__WORK TASK__:
Print the listing as it stands, omitting all images.

__DATA EXCERPT__:
________________________________________

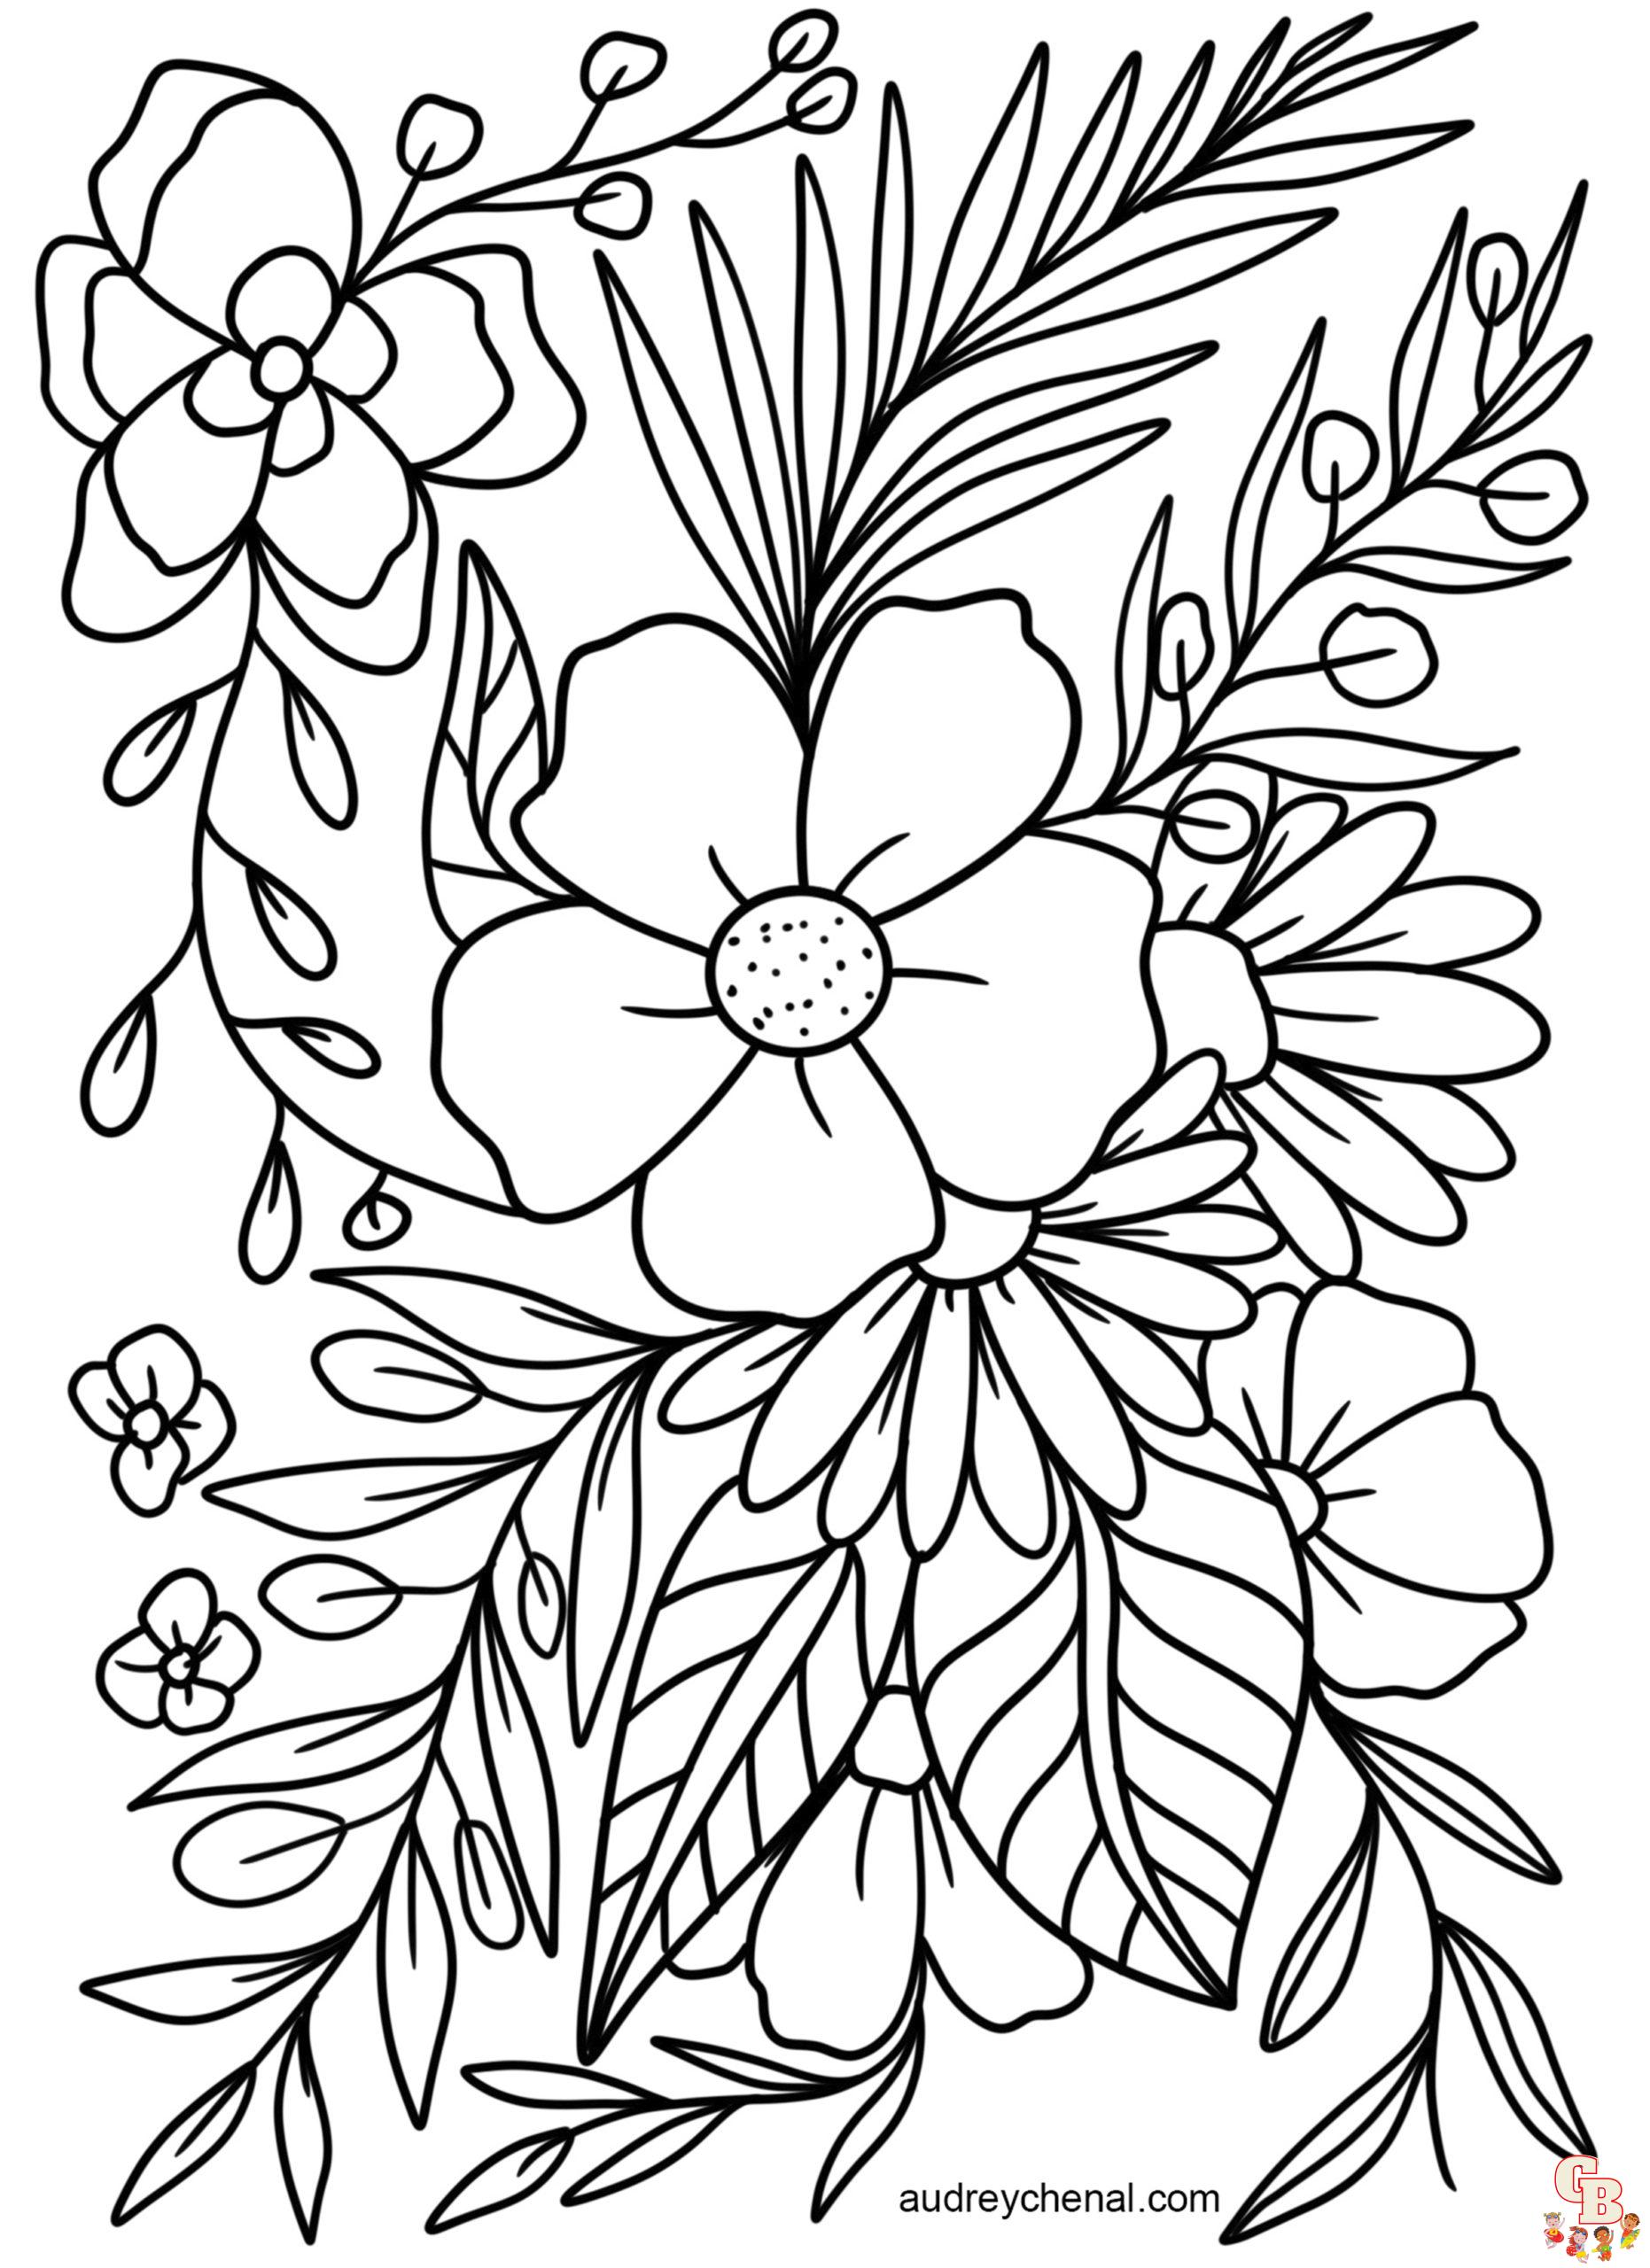 Digital Coloring Pages 4
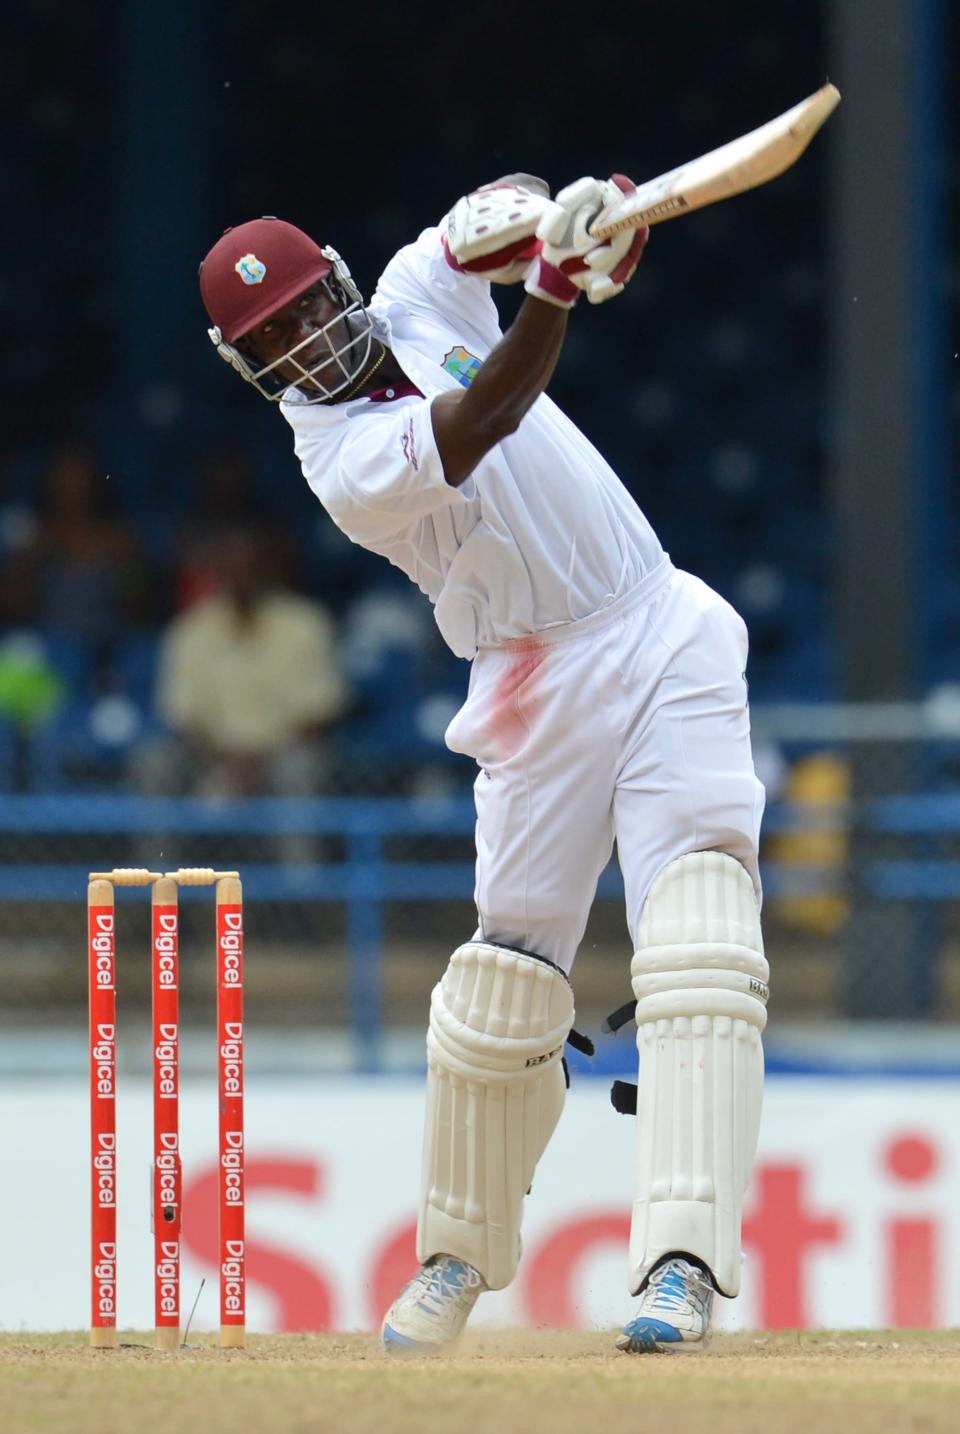 West Indies Darren Sammy launches a six off Australian bowler Ben Hilfenhaus during the final day of the second-of-three Test matches between Australia and West Indies April 19, 2012 at Queen's Park Oval in Port of Spain, Trinidad.
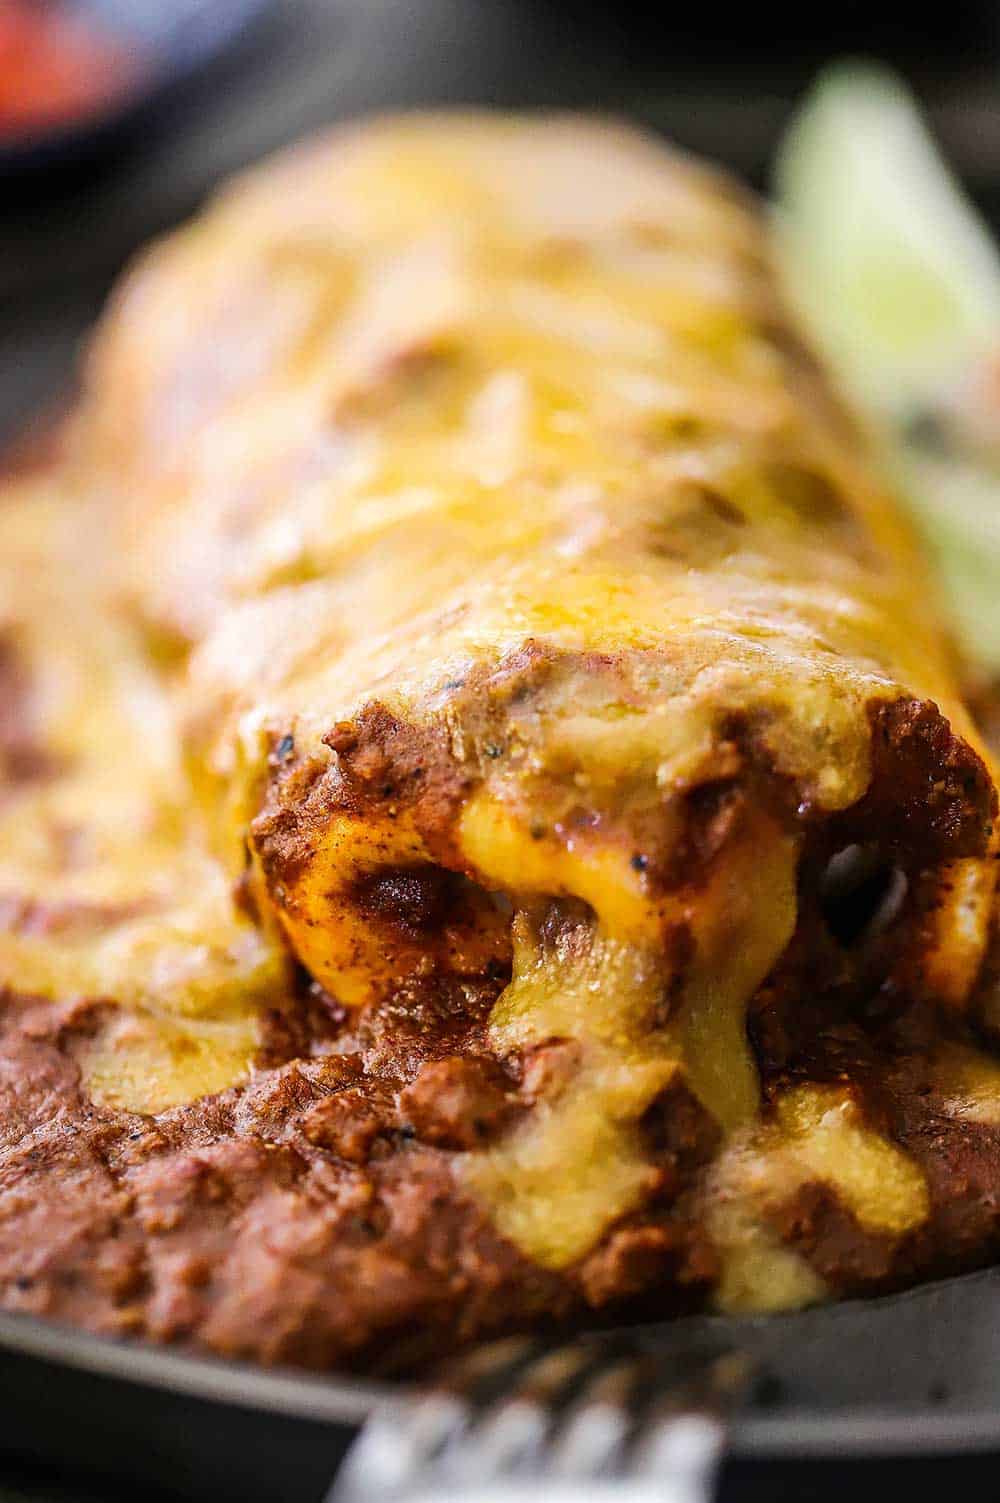 A close-up view of smothered beef burritos covered in chili con carne sauce and melted cheddar cheese.
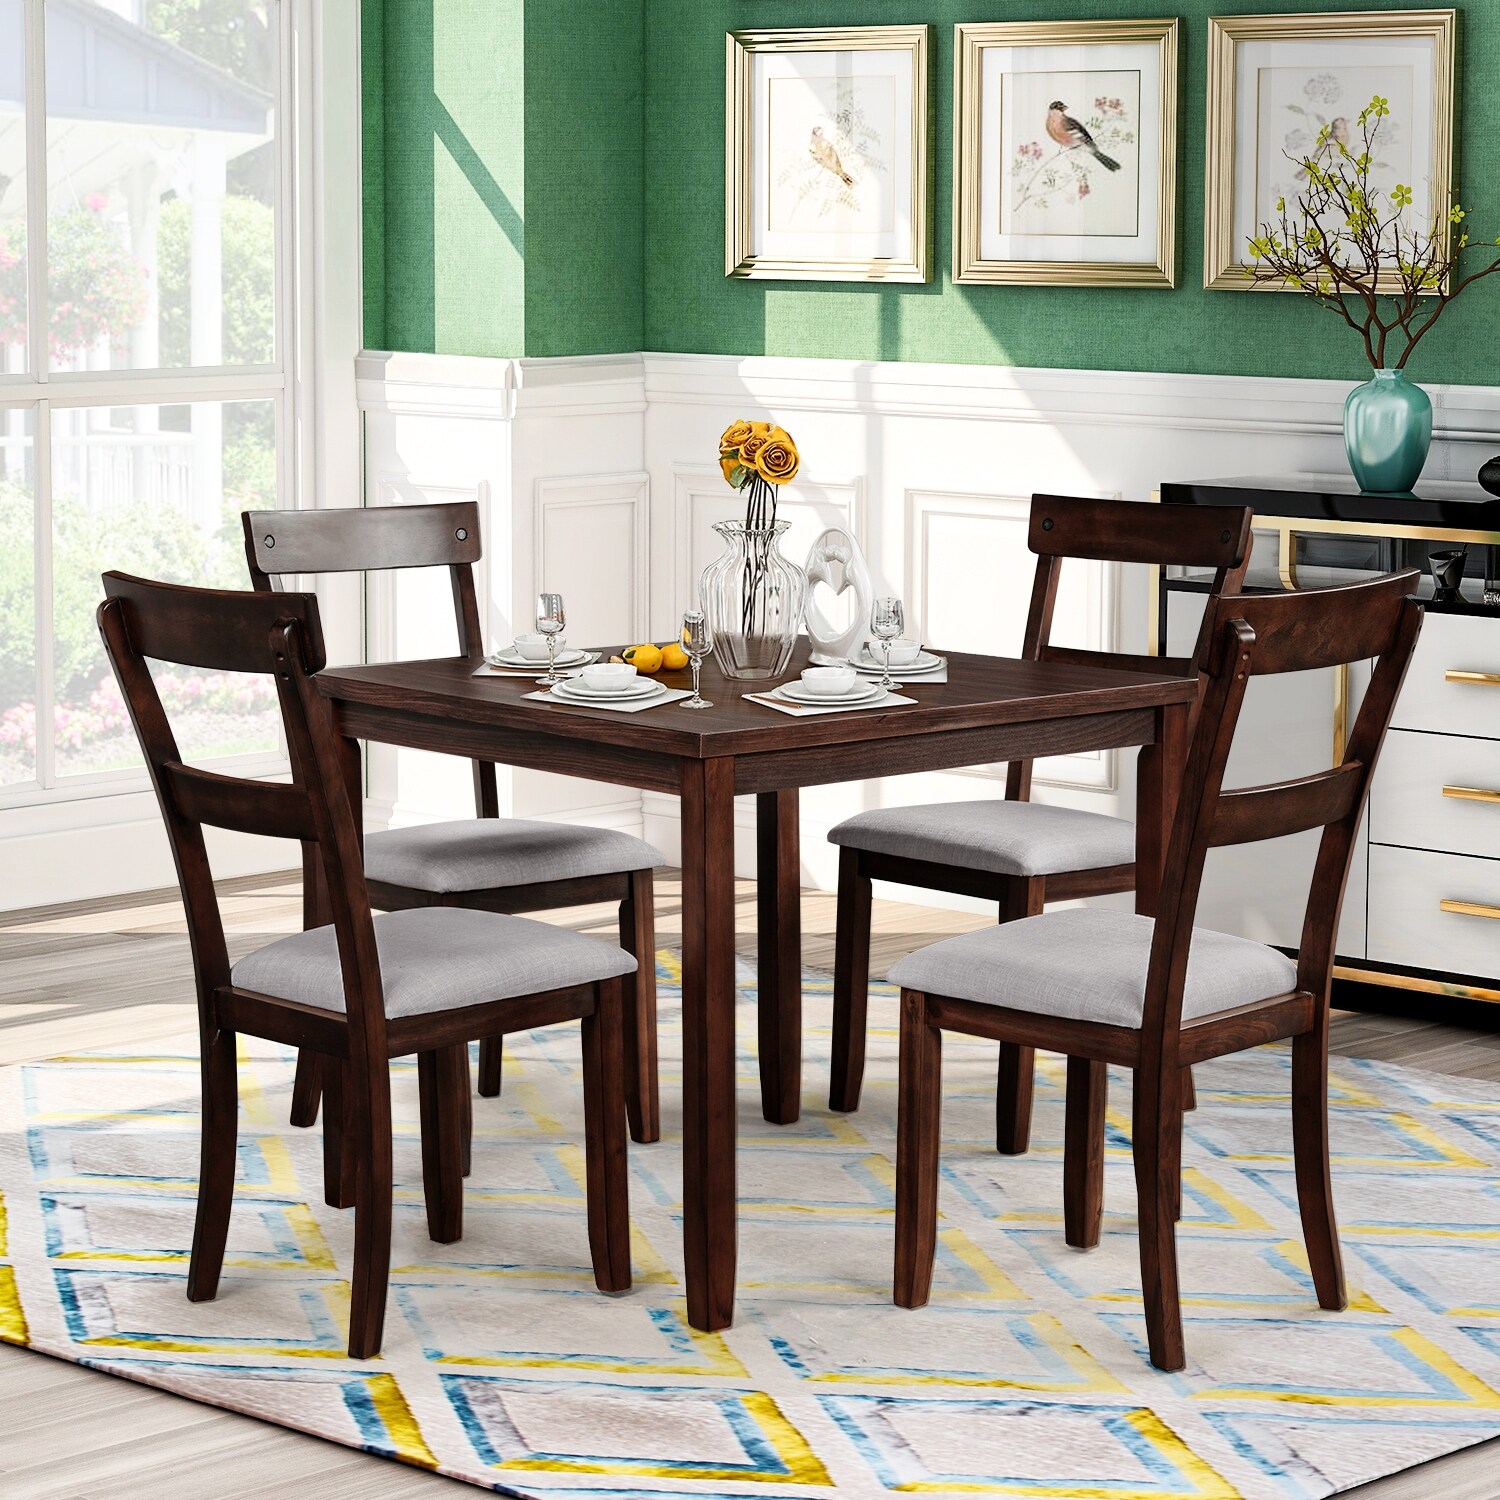 5-piece Industrial Wood Compact Kitchen Dining Table Set With 4 Padded Chairs

________________________________________

__SOLUTION TO THIS PROBLEM__:
 Digital Coloring Pages 4
 West Indies Darren Sammy launches a six off Australian bowler Ben Hilfenhaus during the final day of the second-of-three Test matches between Australia and West Indies April 19, 2012 at Queen's Park Oval in Port of Spain, Trinidad.
 A close-up view of smothered beef burritos covered in chili con carne sauce and melted cheddar cheese.
 5-piece Industrial Wood Compact Kitchen Dining Table Set With 4 Padded Chairs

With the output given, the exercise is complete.